Director Carin Bratlie and her team keep the whole thing simple, turning 1984 into an extremely effective theatrical exercise. The whole cast keeps you guessing how the thing’s going to turn out. Grand Henderson as Winston Smith is a resilient individual.  He makes the audience think he might not only resist the reprogramming but somehow win against all odds because for almost the entire span of the play he refuses to give up. 

“Making words is easy. Destroying words, that’s the challenge.”

The four party members (Columbus, Dussault, Goblirsch, and Pullam) despite their professionalism, and their fear of reprisal, can’t help but be affected at various times by Smith’s plight. Dussault and Goblirsch in particular get repeatedly pulled in by Smith’s tale, understanding why both he and Julia might risk it all to break free, maybe build a life together. The boundary between themselves and playing someone else is a very elastic thing. This is another thing that makes you think that the individual might just find a way to win out over the state. 

“There. That. Would you do that for freedom?”

It’s the persistent glimmers of hope that make the continued slamming of the door that much more unnerving. And when John Middleton’s Interrogator goes from a disembodied voice to a person standing right in front of Smith, he does it at the precise moment necessary to rattle his prisoner and escalate their engagement to its final stage. Though there’s more than enough electricity flowing through Smith’s bonds to break someone down, it’s the psychological violence that seals everyone’s fate in this prison.
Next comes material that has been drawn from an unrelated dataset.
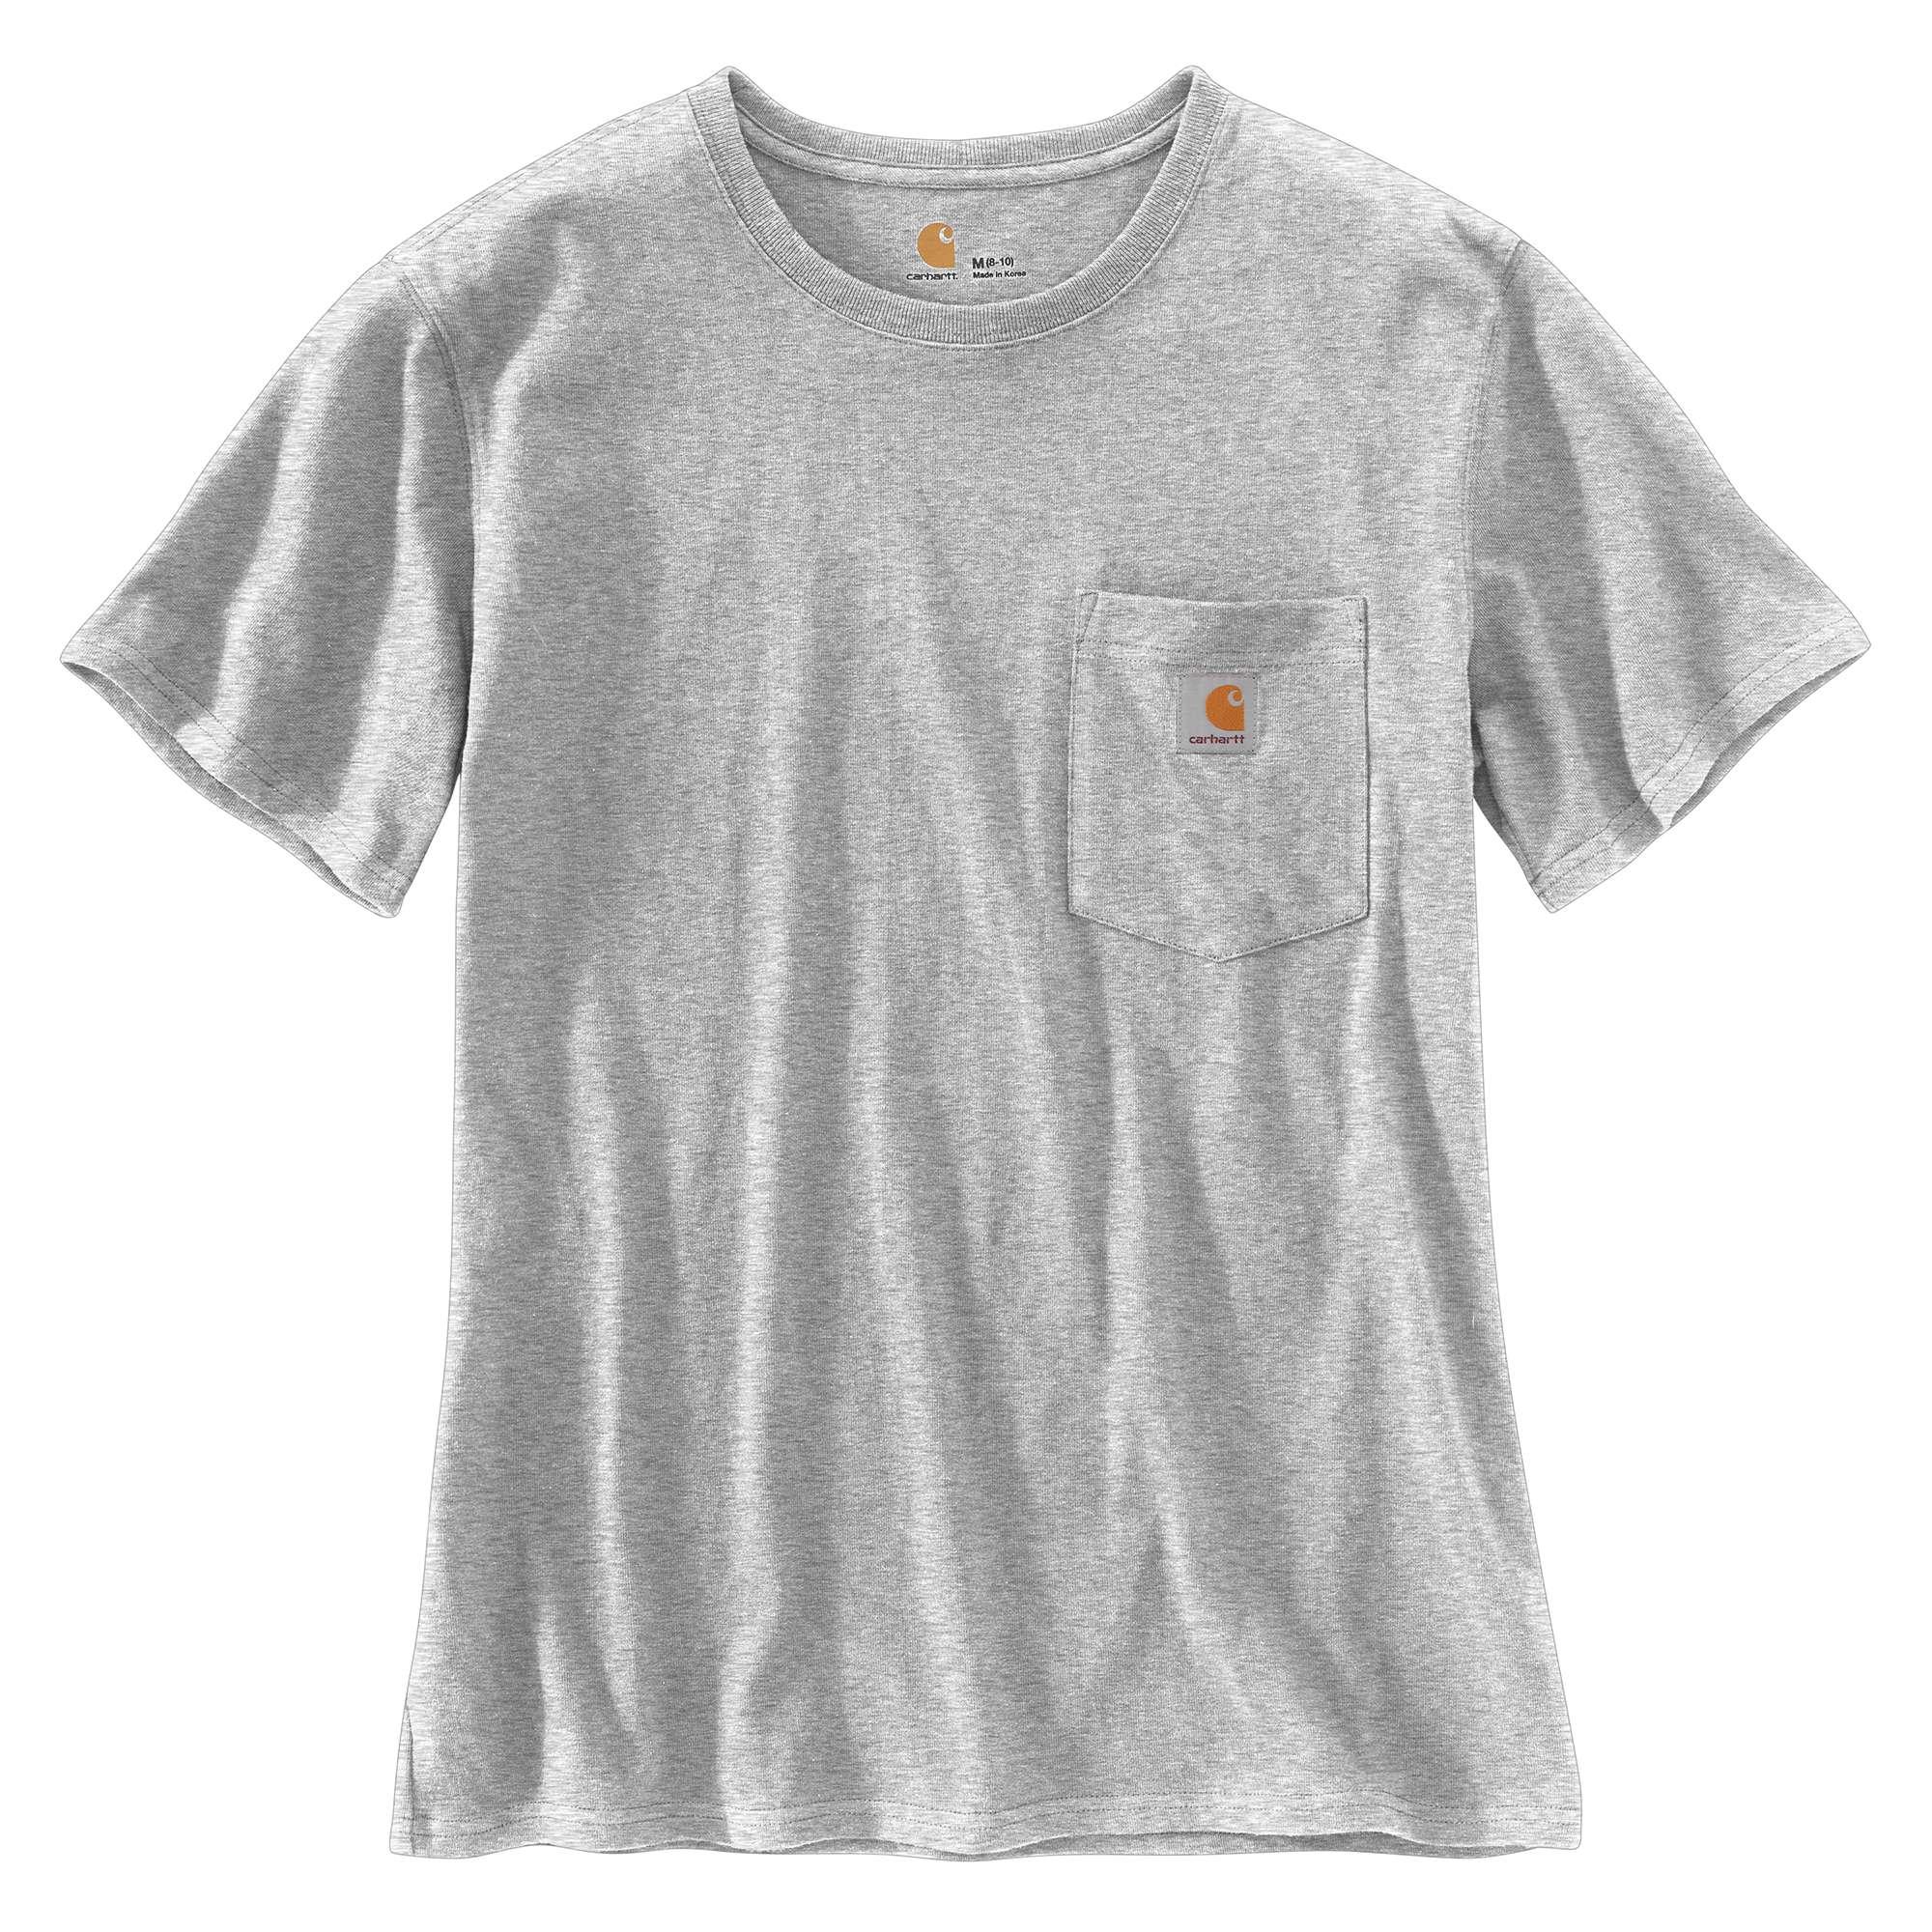 f690c551b9d Carhartt WK87 Workwear Pocket Short Sleeve T-shirt - Women s
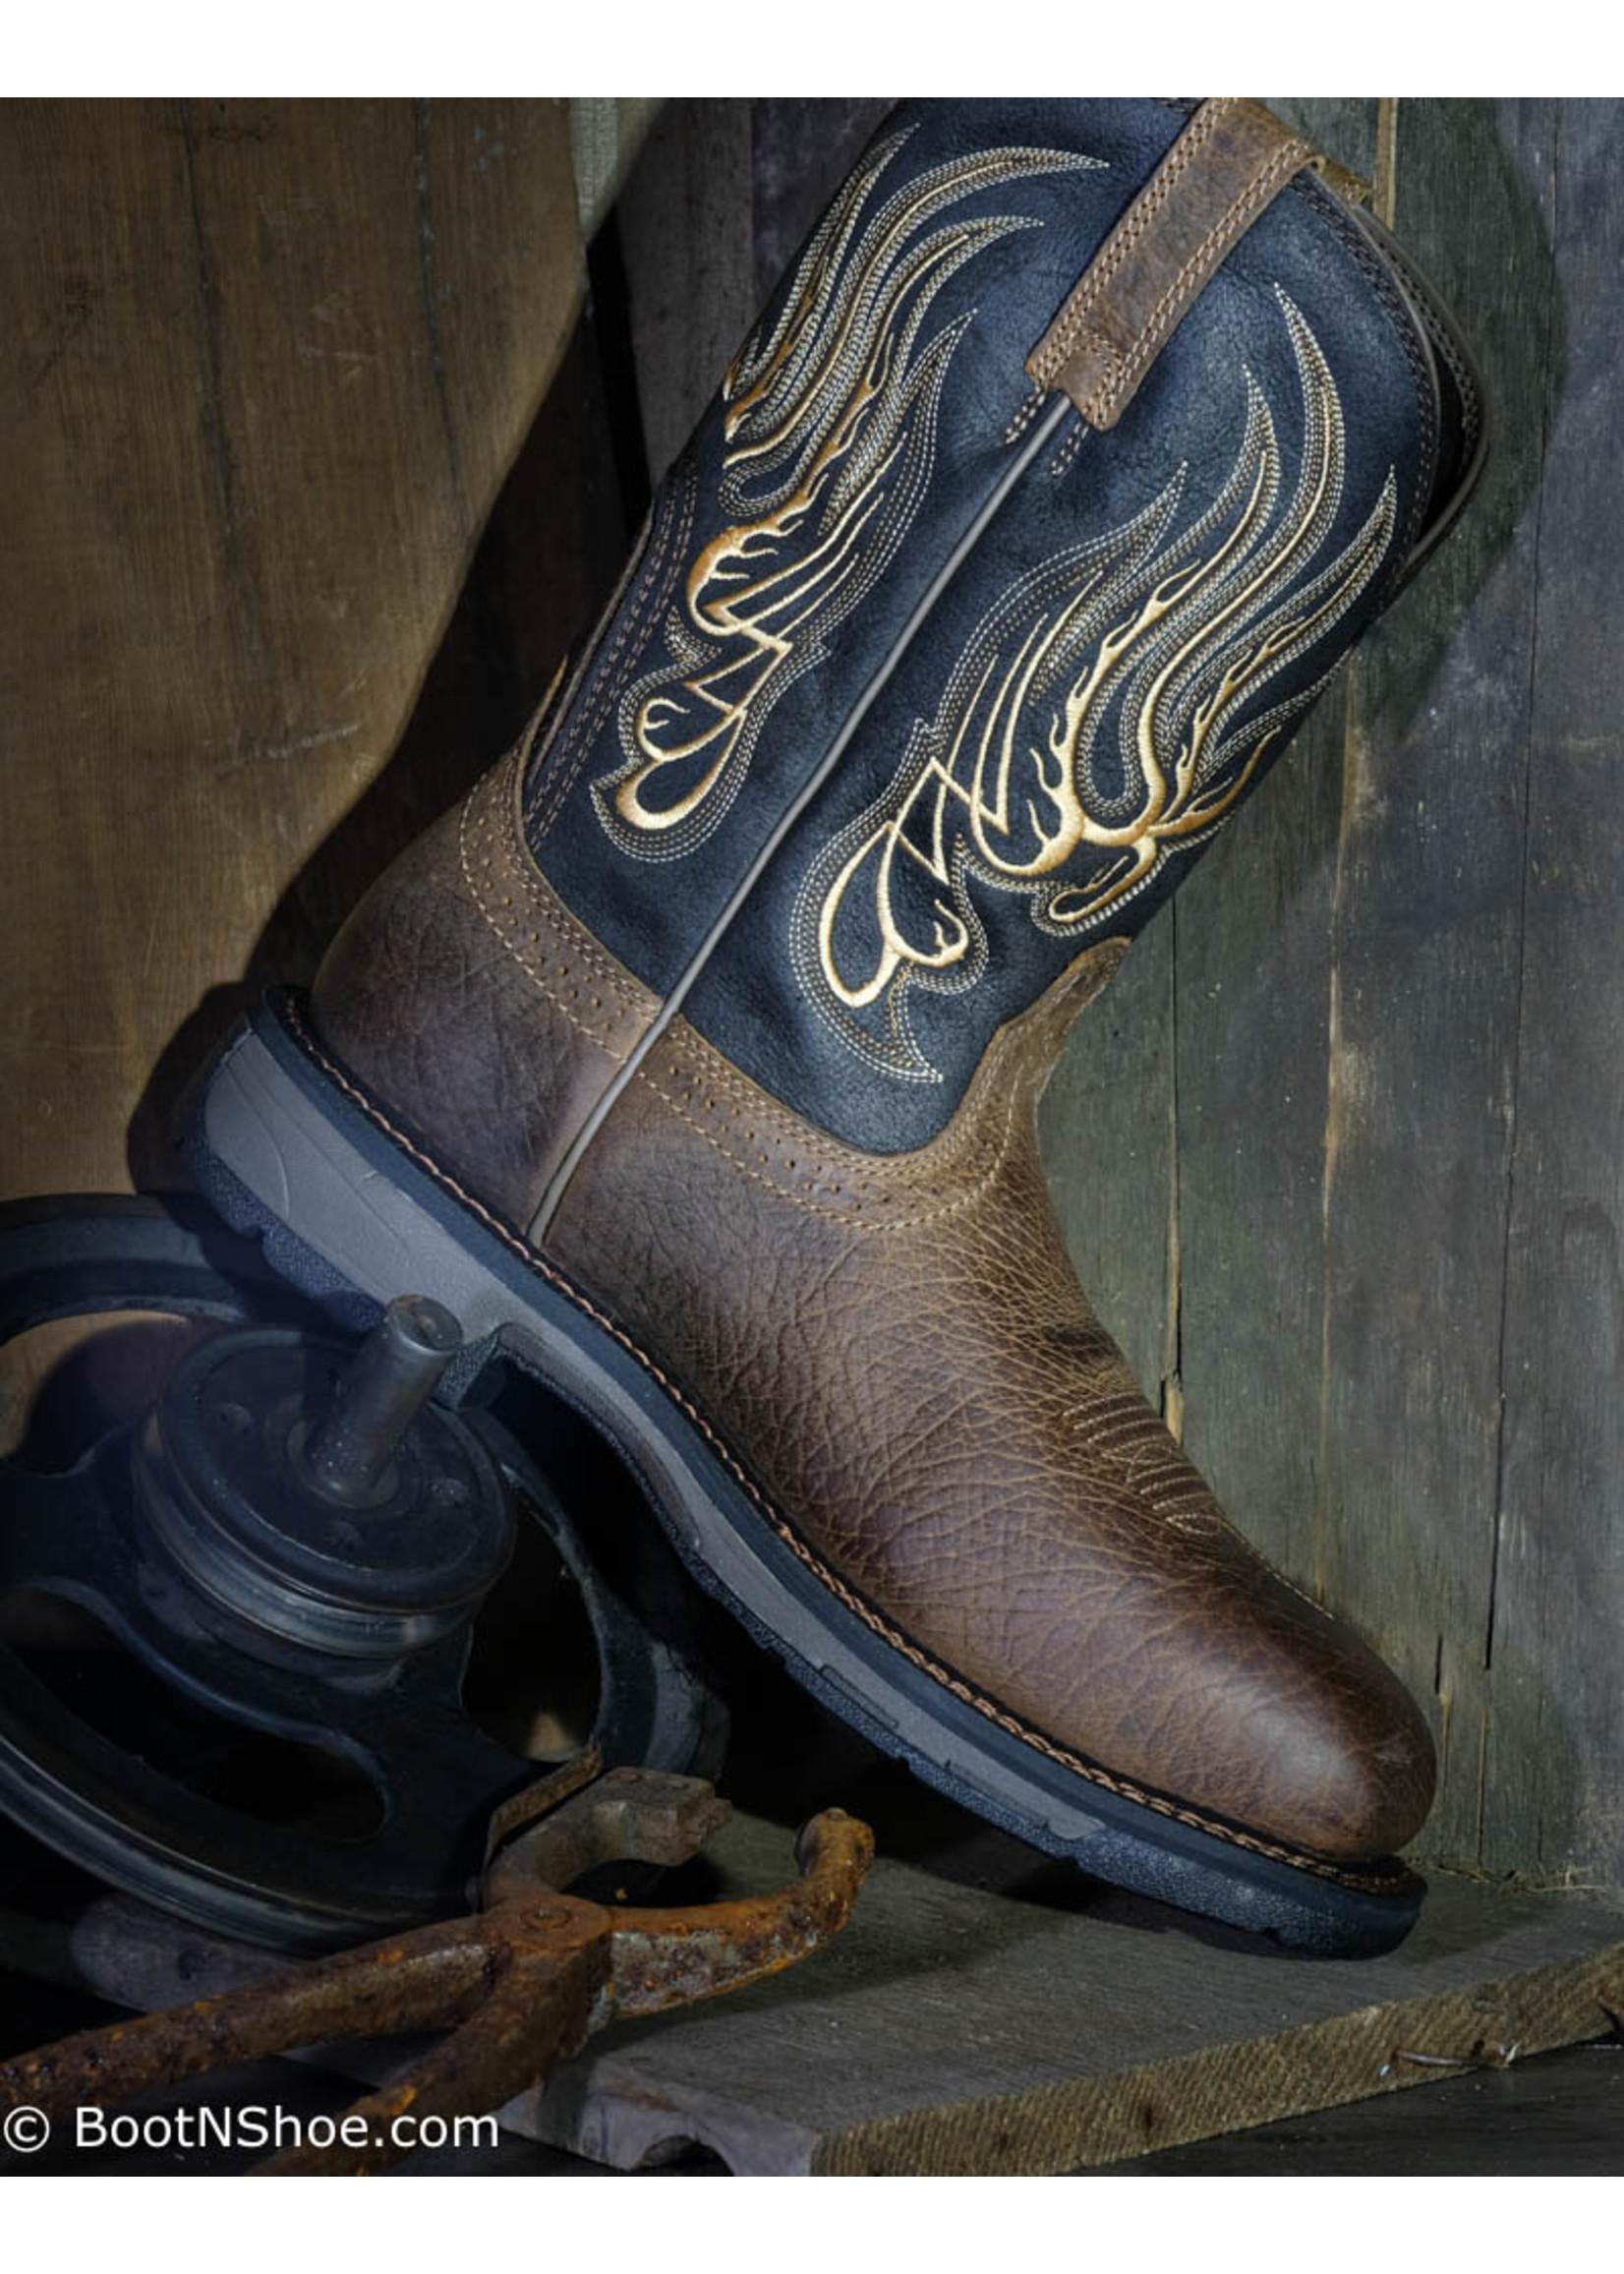 Ariat Workhog Mesteno Safety Composite Toe Work Boots 10010892

“You have to say it. Otherwise your confession is meaningless.”

1984 isn’t for the faint of heart. But it’s a production that earns everything it takes out of its audience. Only something this honest could be this unsettling. Theatre Pro Rata’s production of 1984 is a timely reminder of the things we need to guard against, as well as the things we’ve already grown accustomed to that perhaps we should be rethinking. While we still have time. The year 1984 may be in our past, but the world of 1984 still lingers in our future, just a couple of steps sideways from where we live now. 1984 is a horror story that makes you think. Like any good scare, it sticks with you long after the lights come up.